# Composing with string ensambles: Chords vs single notes



## Unknown (Dec 6, 2020)

I'm new to composing so i'm still trying to figure out how everything works but when I watch tutorials on how to write string sections, I see people using chords. It sounds great and gives it a fuller sound but what I don't understand is how that is realistic when it comes to orchestration. In my understanding, when I watch symphonies, I see violinists playing one note at a time so when I think about it, how can writing chords be considered realistic? Am I missing something?


----------



## jbuhler (Dec 6, 2020)

I’m not quite certain what you are asking. There are five traditional sections to the string choir: violin 1, violin 2, viola, cello, and double bass. Traditional string writing is 4 or 5 parts depending on whether the cellos and double basses are doubled in octaves. Each of those sections will typically play one note but the String choir as a whole most commonly plays chords.

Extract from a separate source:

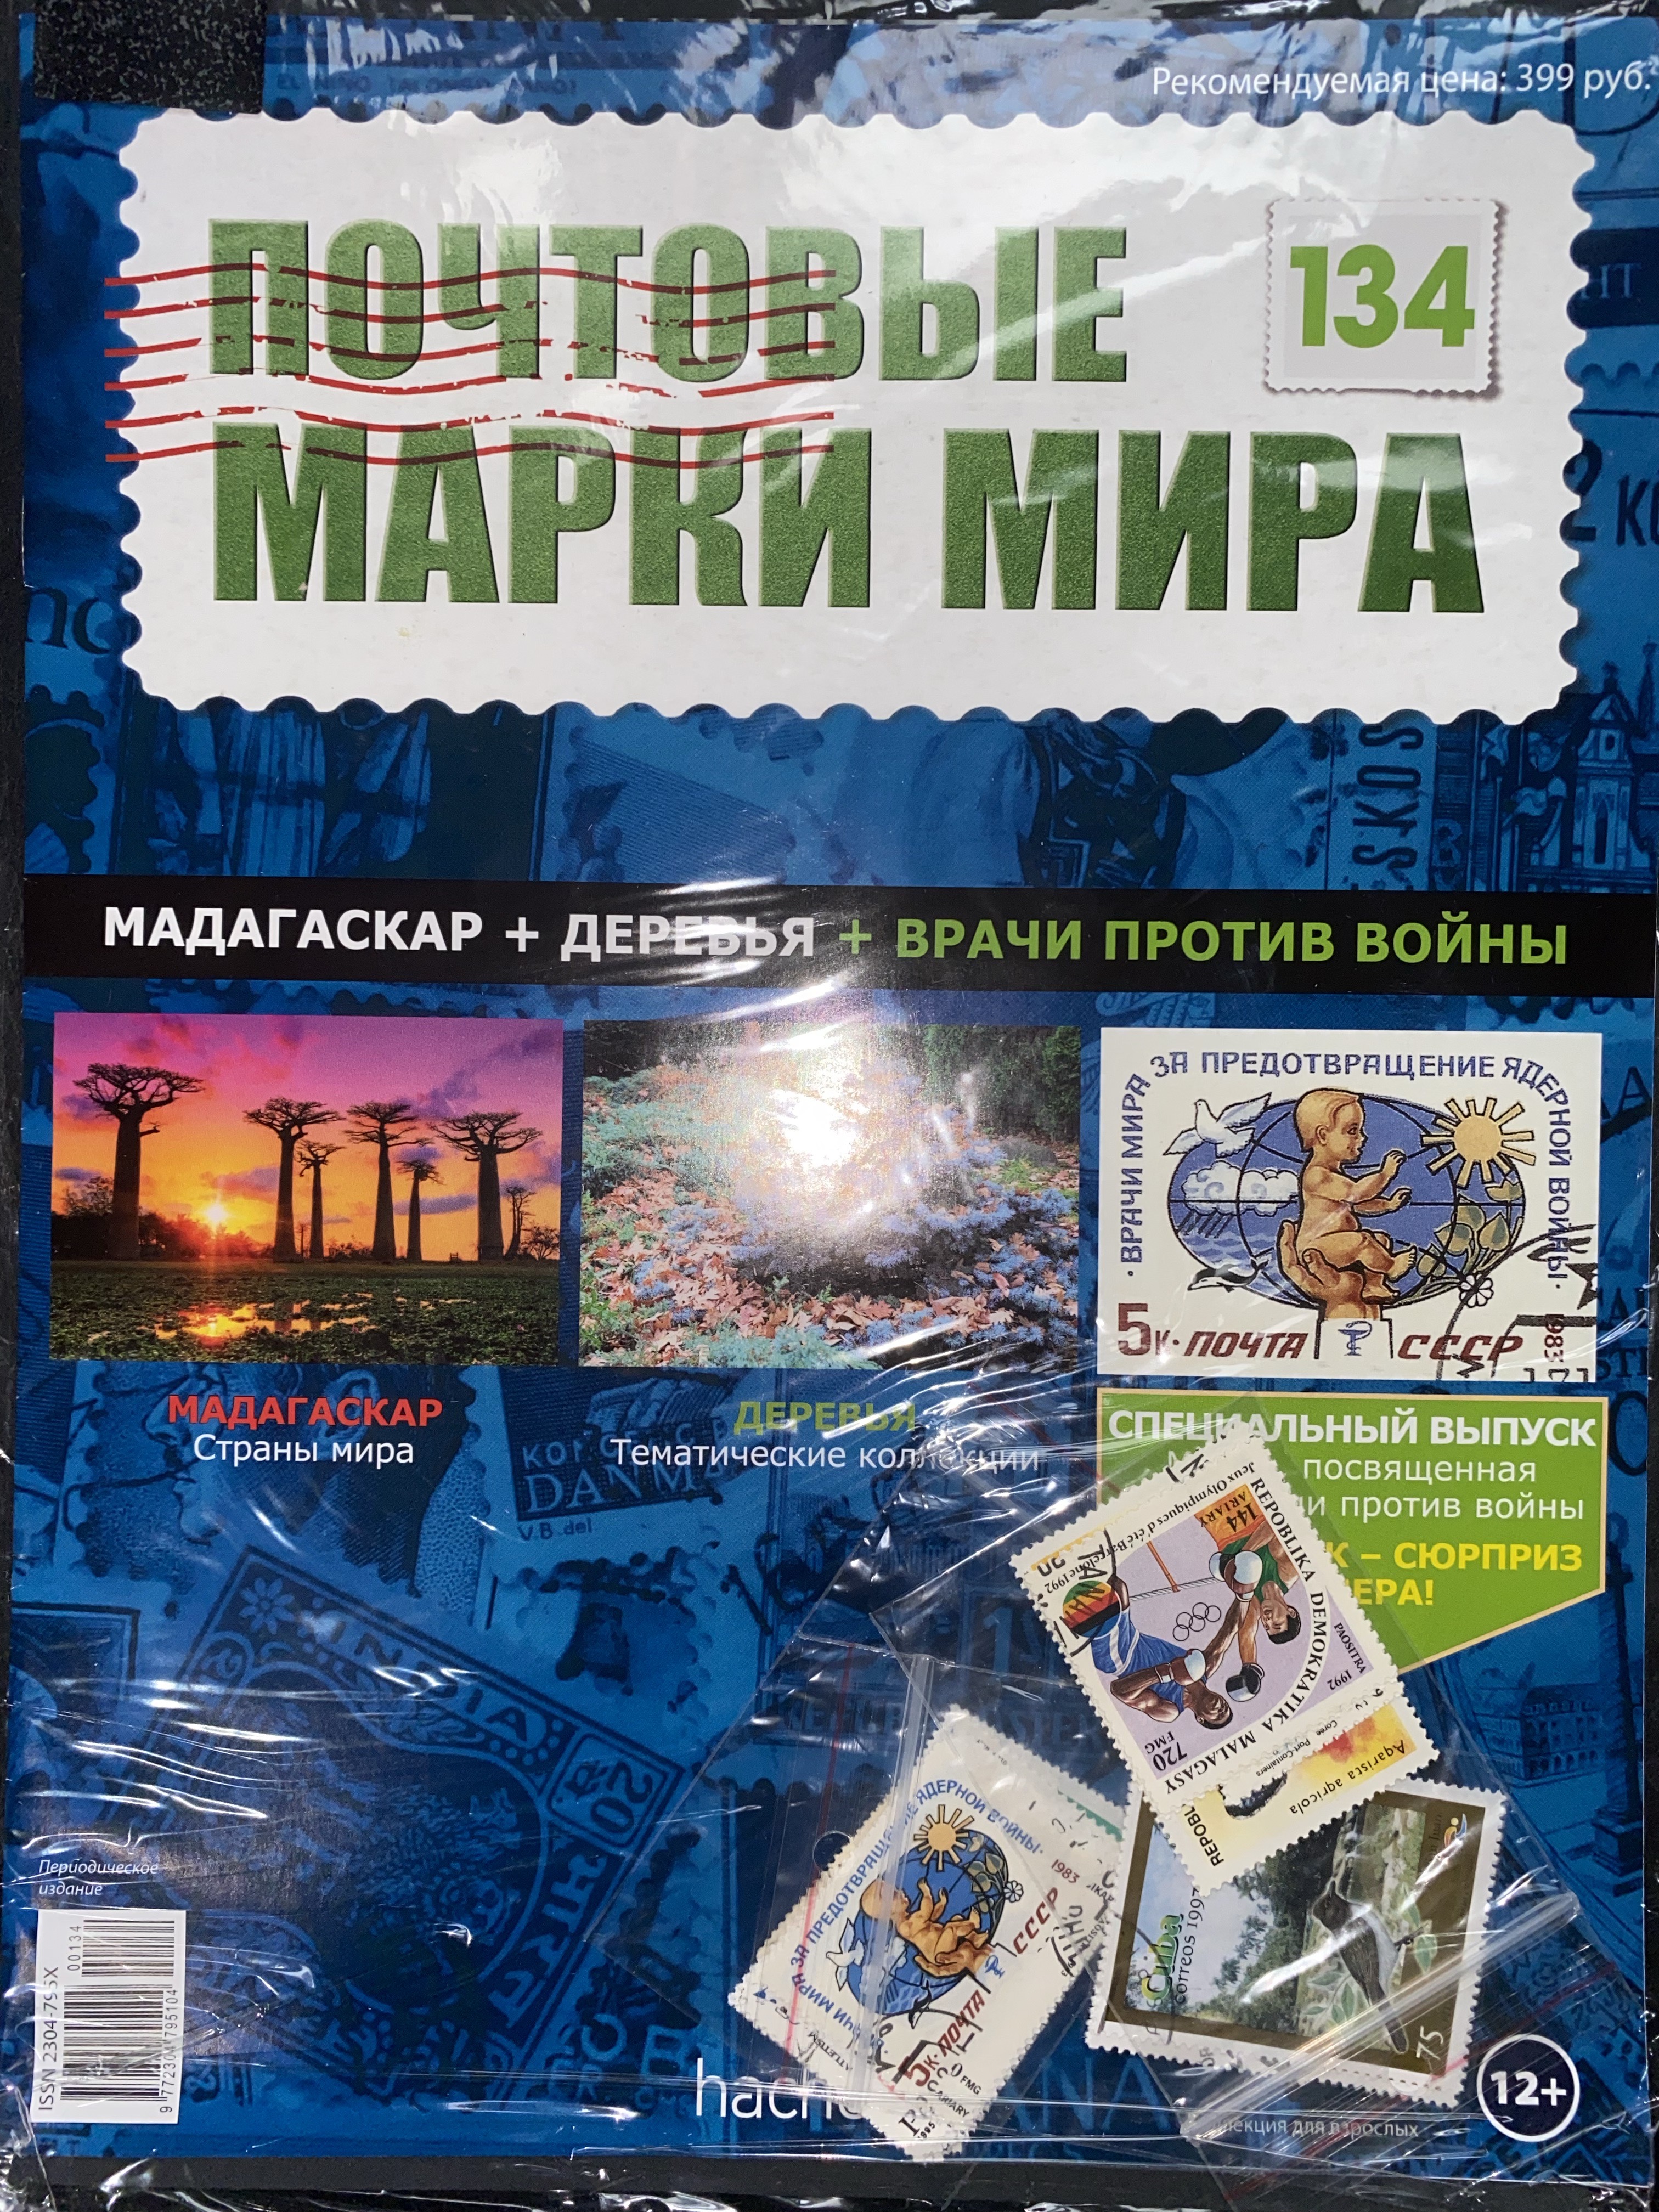 №134 Мадагаскар+Деревья+Врачи против войны+Лист для хранения марок

Many string VIs consist of ensemble patches or have ensemble patches along with the sections. This is convenient for writing with, much like you might use a piano. It’s not completely realistic (but truth be told neither is scoring with sections) but it’s convenient and generally good enough for writing and if desired one can break it out to proper sections later. 

String sections are often also treated divisi, which is dividing the section up and giving it two or three (and depending on the size of the section sometimes more) parts. Some libraries come with divisi (usually in half section sizes) but often it is approximated with VIs by simply writing chords for the sections and reducing the volume a bit. The result is a very lush sound to the strings but it can also make the strings sound like a string synth pad if you aren’t careful with your spacings and often even if you are since any dynamic shaping you do to the patch will apply equally across all the notes, whereas real players would shape each note subtly in its own way. 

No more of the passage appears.